Carte De Dion Bouton  : Environs de Paris...

Carte De Dion Bouton : Environs de Paris…

Une chose qui m’épate vraiment, c’est de constater qu’aux photos aériennes et, maintenant, aux prises de vue satellites, correspondent avec une exactitude troublante, la découpe de nos pays et continents tels que dessinés par les cartographes du XIXème siècle et même des époques précédentes qui, eux, ne disposaient pas de ces moyens hautement perfectionnés pour reproduire leurs plans et cartes dont le tracé et l’implantation des localités étaient déjà d’une précision rigoureuse… Souvenez-vous de ces magnifiques anciennes cartes de géographie accrochées sur les murs de nos salles de classe…

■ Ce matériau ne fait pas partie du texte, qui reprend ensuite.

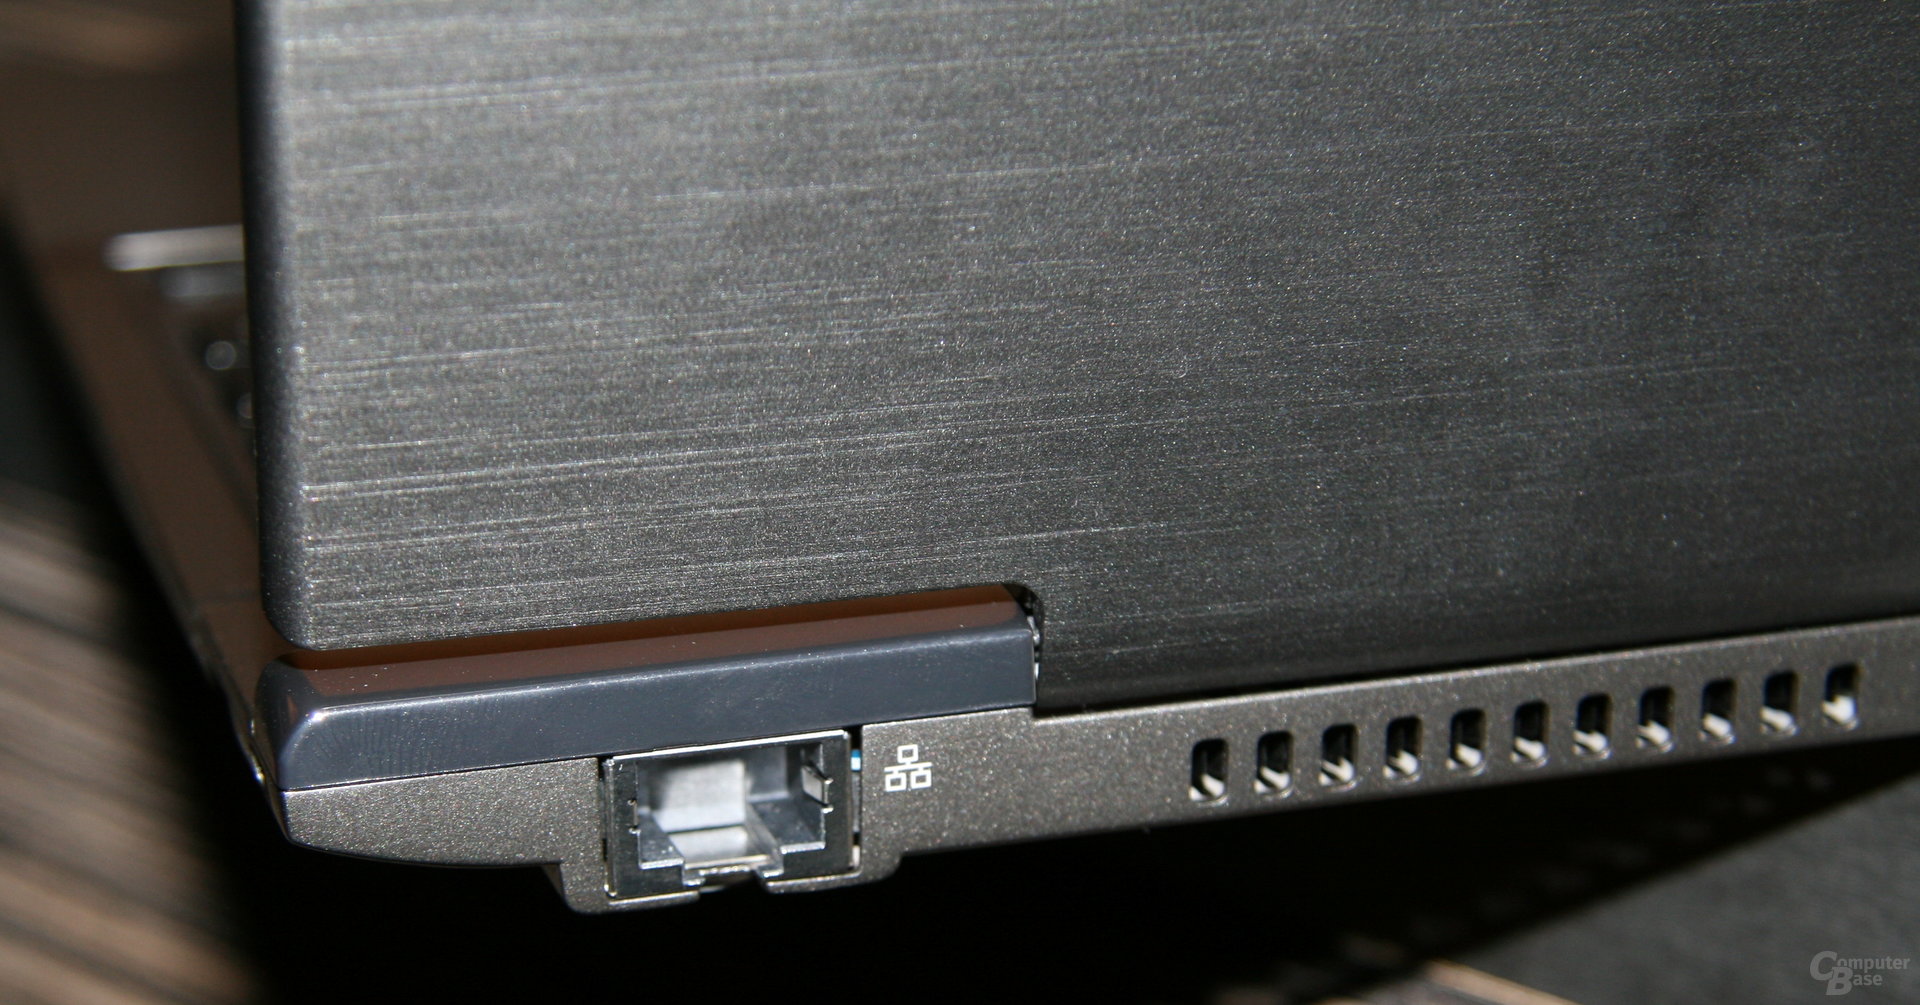 Ultrabooks von Acer, Asus, Lenovo und Toshiba im Bild

Alors, à l’heure du GPS qui nous guide à la voix suave d’une inconnue sans doute très avisée sur les voies recommandées de nos parcours programmés à l’avance, nous échappons hélas à ce comportement d’un autre âge où, sans doute par flemme, ne voulant perdre du temps à consulter notre carte routière ou bien parce que nous n’en disposions pas, dans les années « 50 », s’étant arrêté à sa hauteur, nous nous adressions à une brave meneuse de chèvres à la voix bien plus rocailleuse, dont le troupeau prenait toute la largeur de la départementale 725 entre Aivault et Mirebeau :

Mirebeau vu depuis la D725

Mirebeau vu depuis la D725

 –     Pardon madame, pour Mirebeau, c’est bien la bonne route ?

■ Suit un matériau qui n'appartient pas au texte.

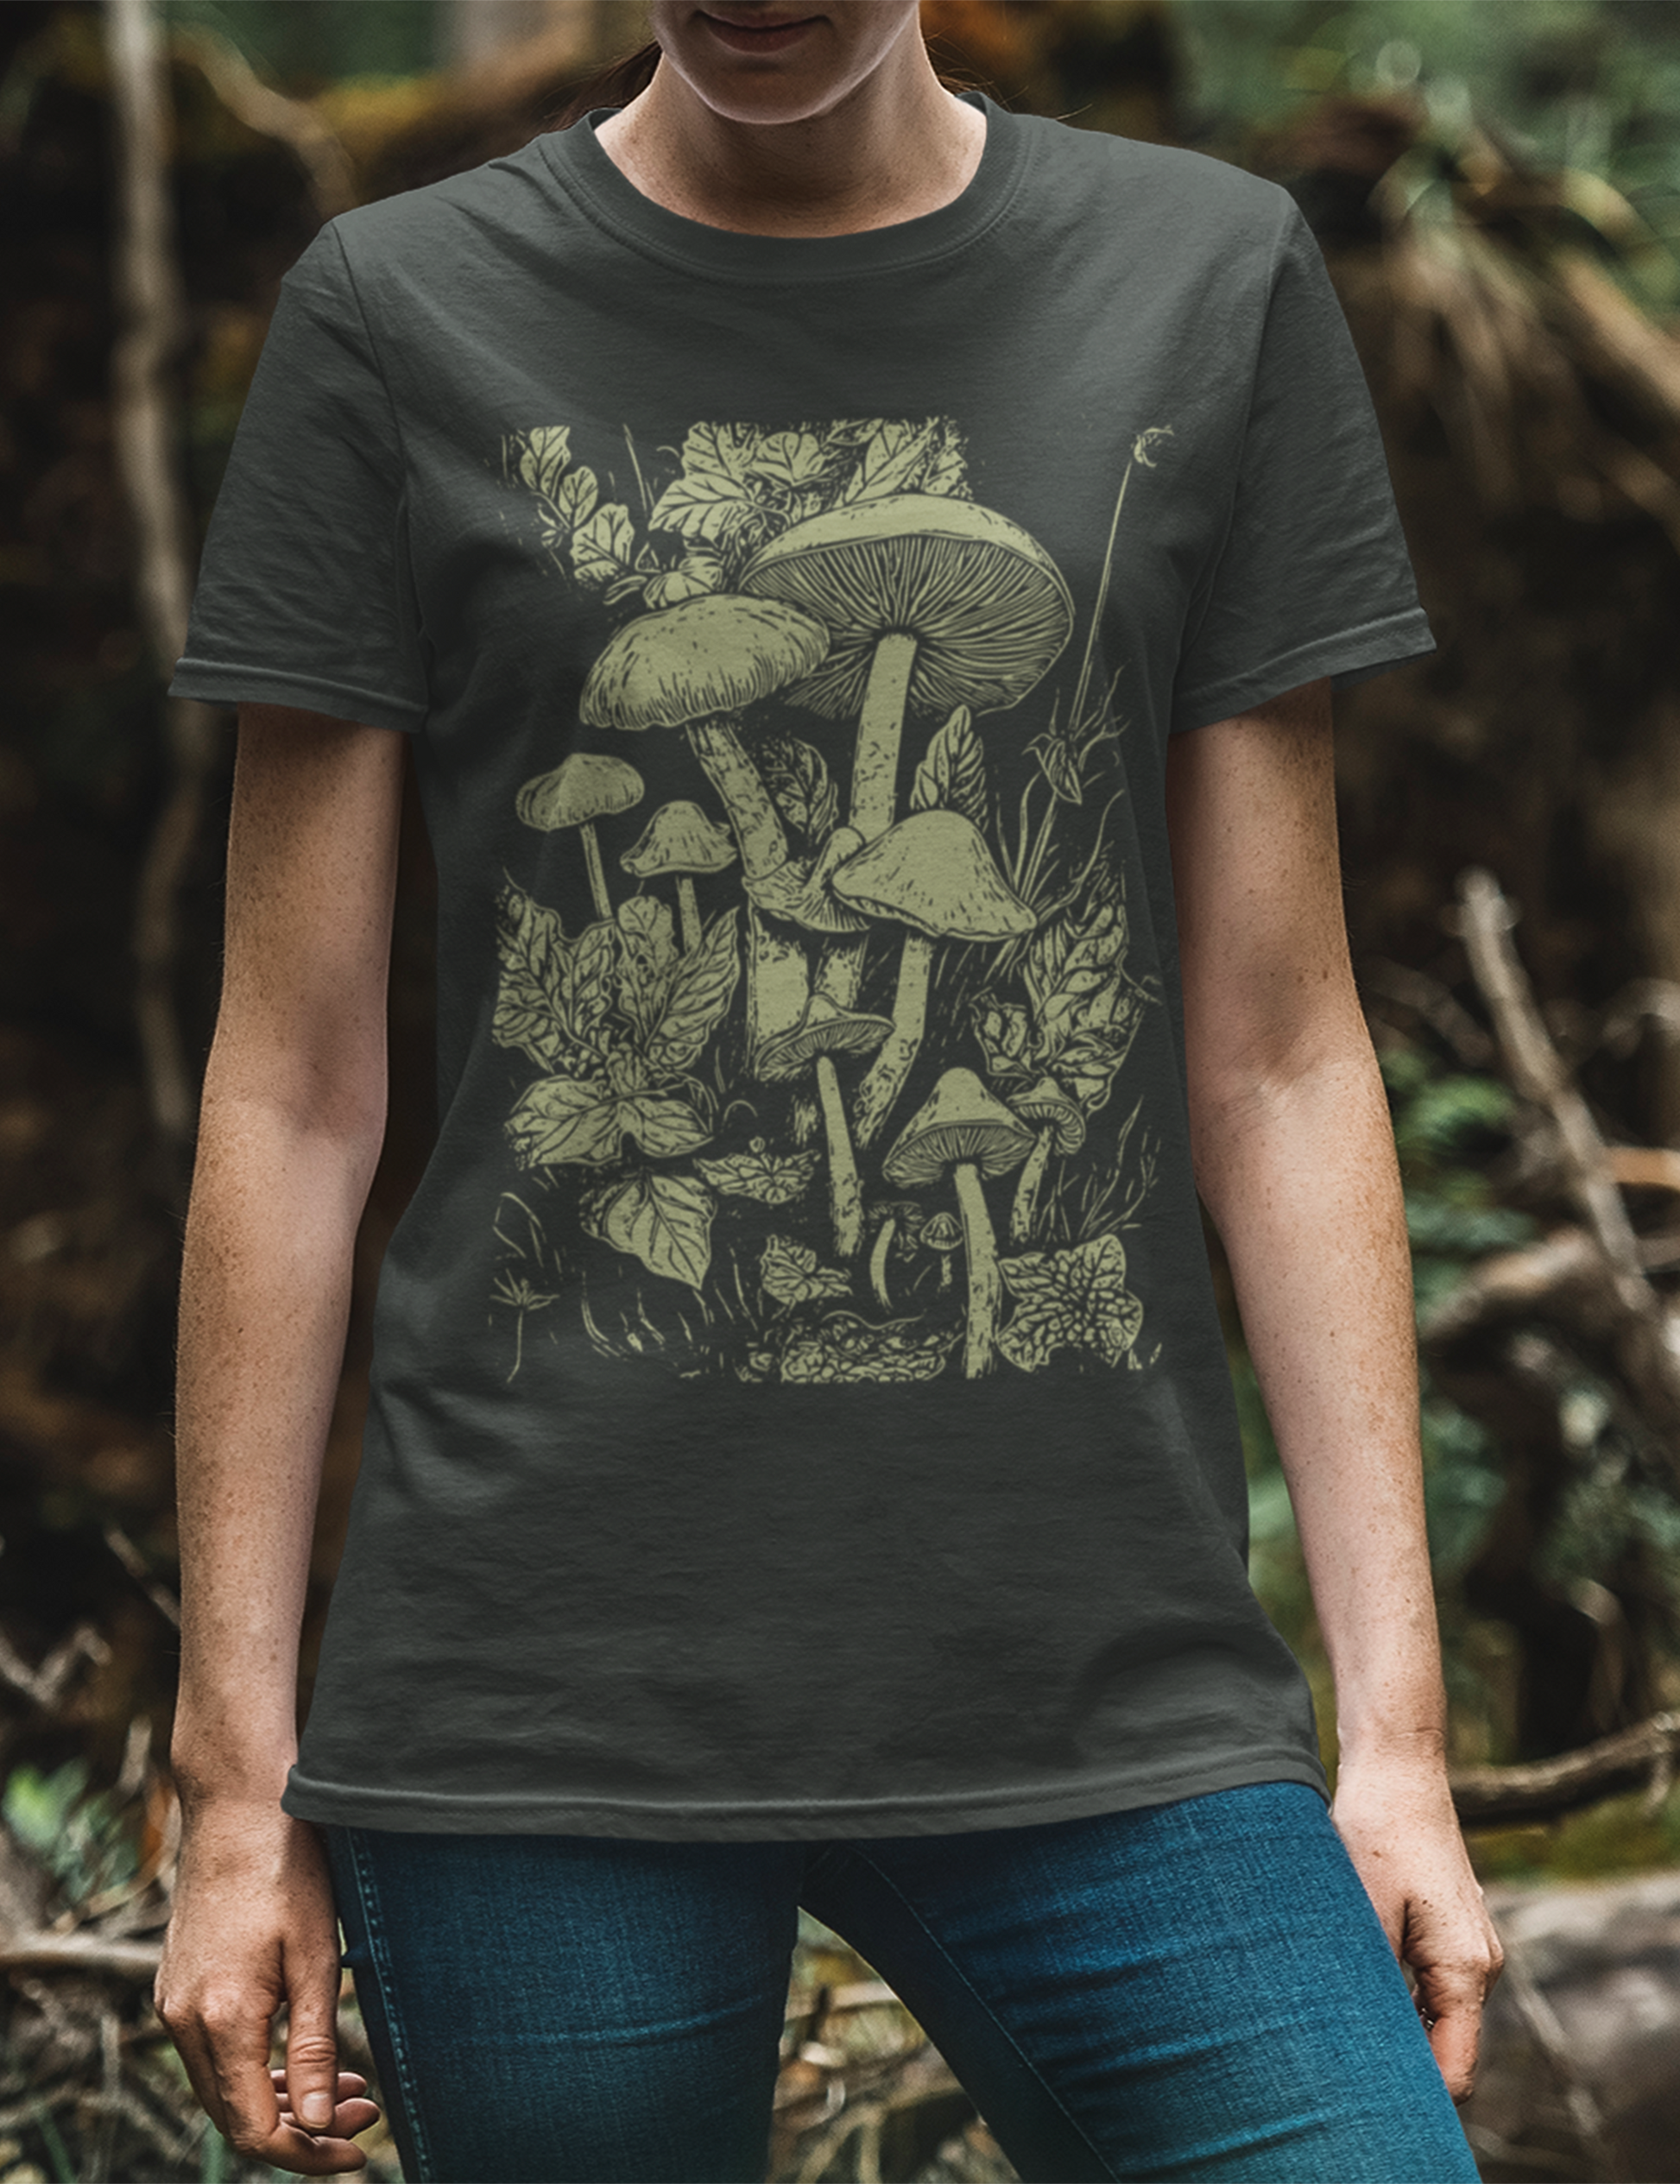 Plus Size Fairy Grunge Dark Cottagecore Mushroom Aesthetic Clothing Shirt

–          Vouais, mon fi, olé ben la boune dyrrection. Myrbiâ, olé un peu plus loin sur tchalle rout ‘; olé sur la taumuche, vous v’vrrez ben les dus kiochers dau villagh’, le s’voyons d’loin… »

–          Merci madame ! Toutefois, on restait perplexe à son volant. «  La taumuche ?… Qu’est-ce qu’elle entend par là, cette brave femme ? »

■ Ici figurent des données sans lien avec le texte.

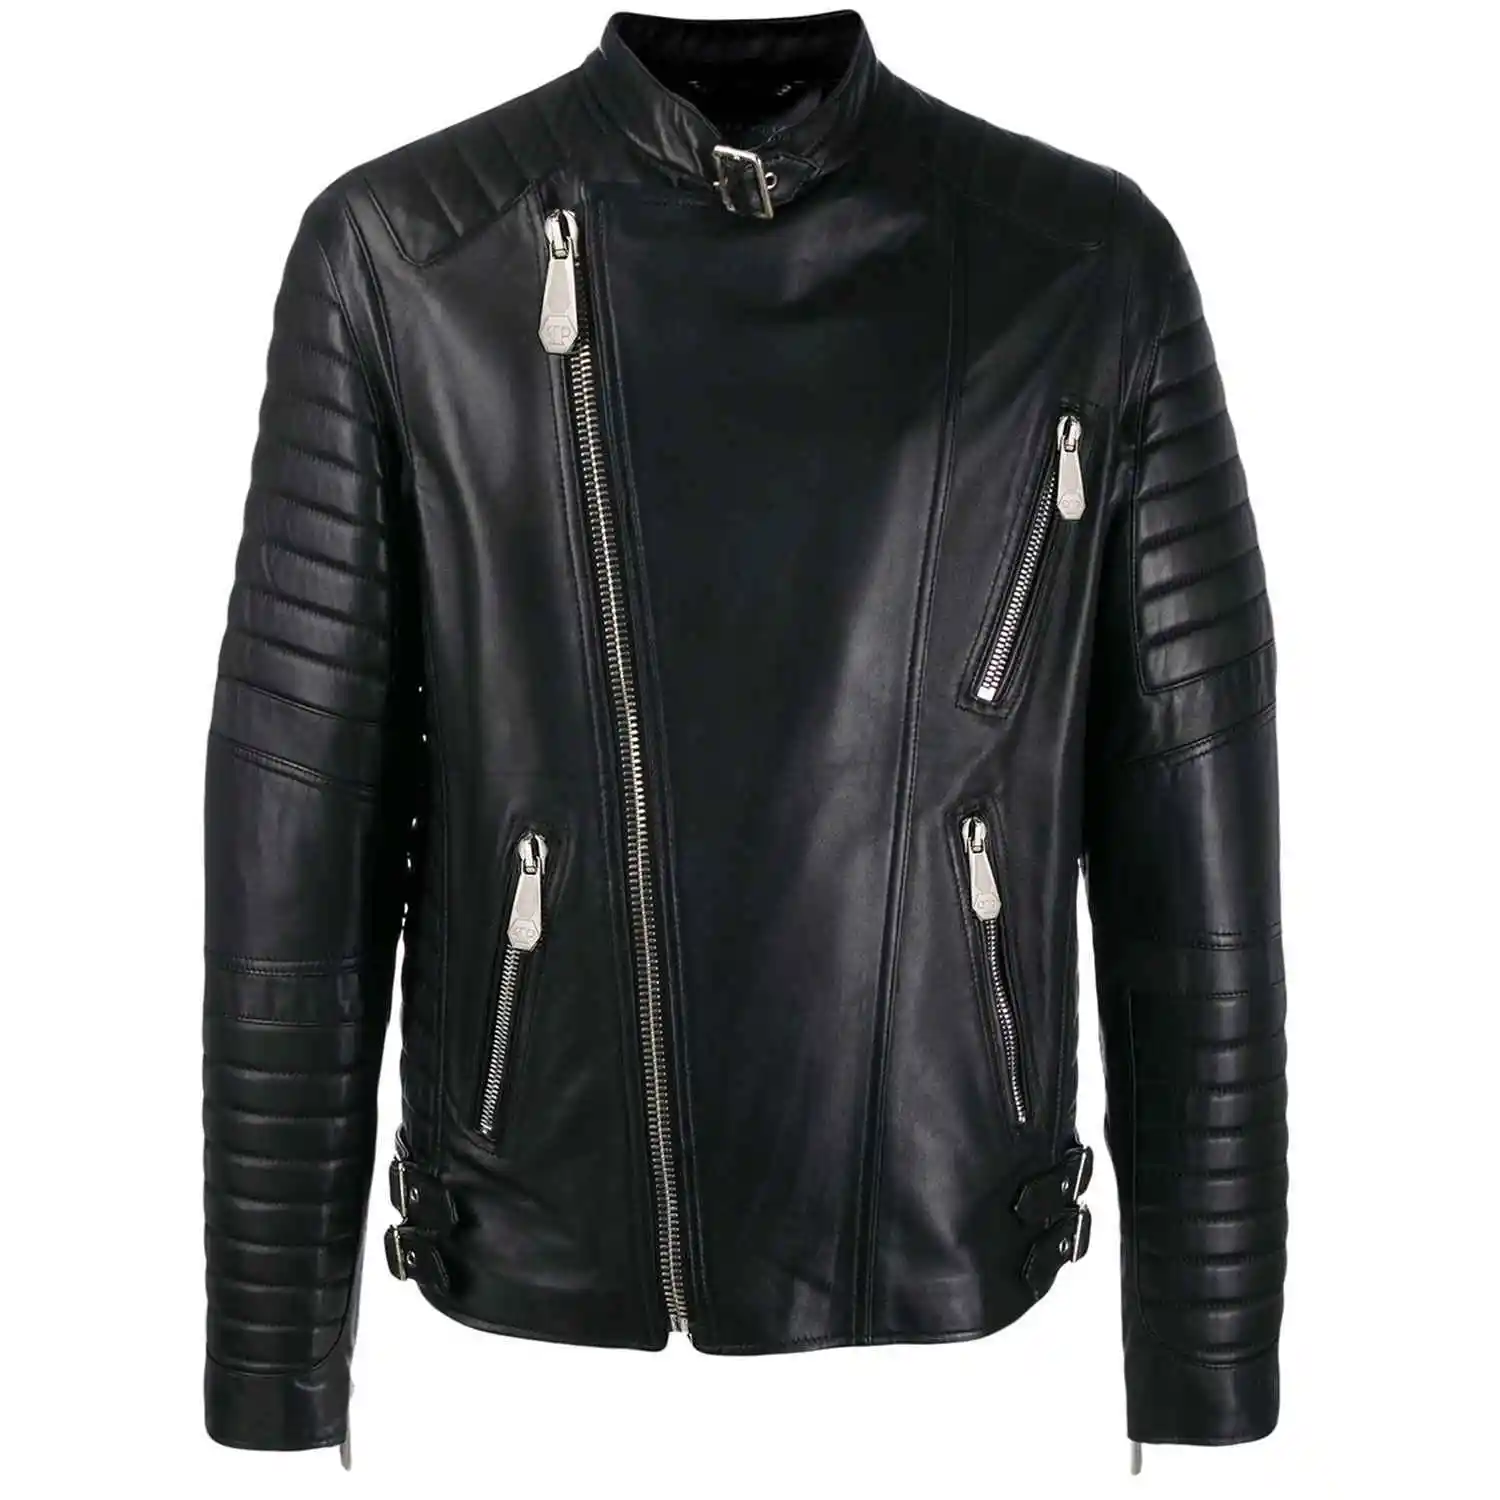 Lederjacke Mantel Plissee-Design Winter gefüttert Warm Slim Black Zipper Fashion Jacken für Männer.

Traduisons ce patois du Haut Poitou encore courant dans nos campagnes à cette époque :

 « Oui, mon gars, c’est bien la bonne direction. Mirebeau c’est un peu plus loin sur cette route, c’est sur la colline, vous verrez les deux clochers du village, ils se voient de loin »

Toute une époque, à jamais révolue !…

1 comment to Routes à la carte …

  • avatar guillon

    Le progrès est certain avec le GPS mais il « m’envoie » sur l’itinéraire programmé.Une bonne ‘vieille » carte me permet plus de découvertes alentours et des visites improvisées sur des sites intéressants.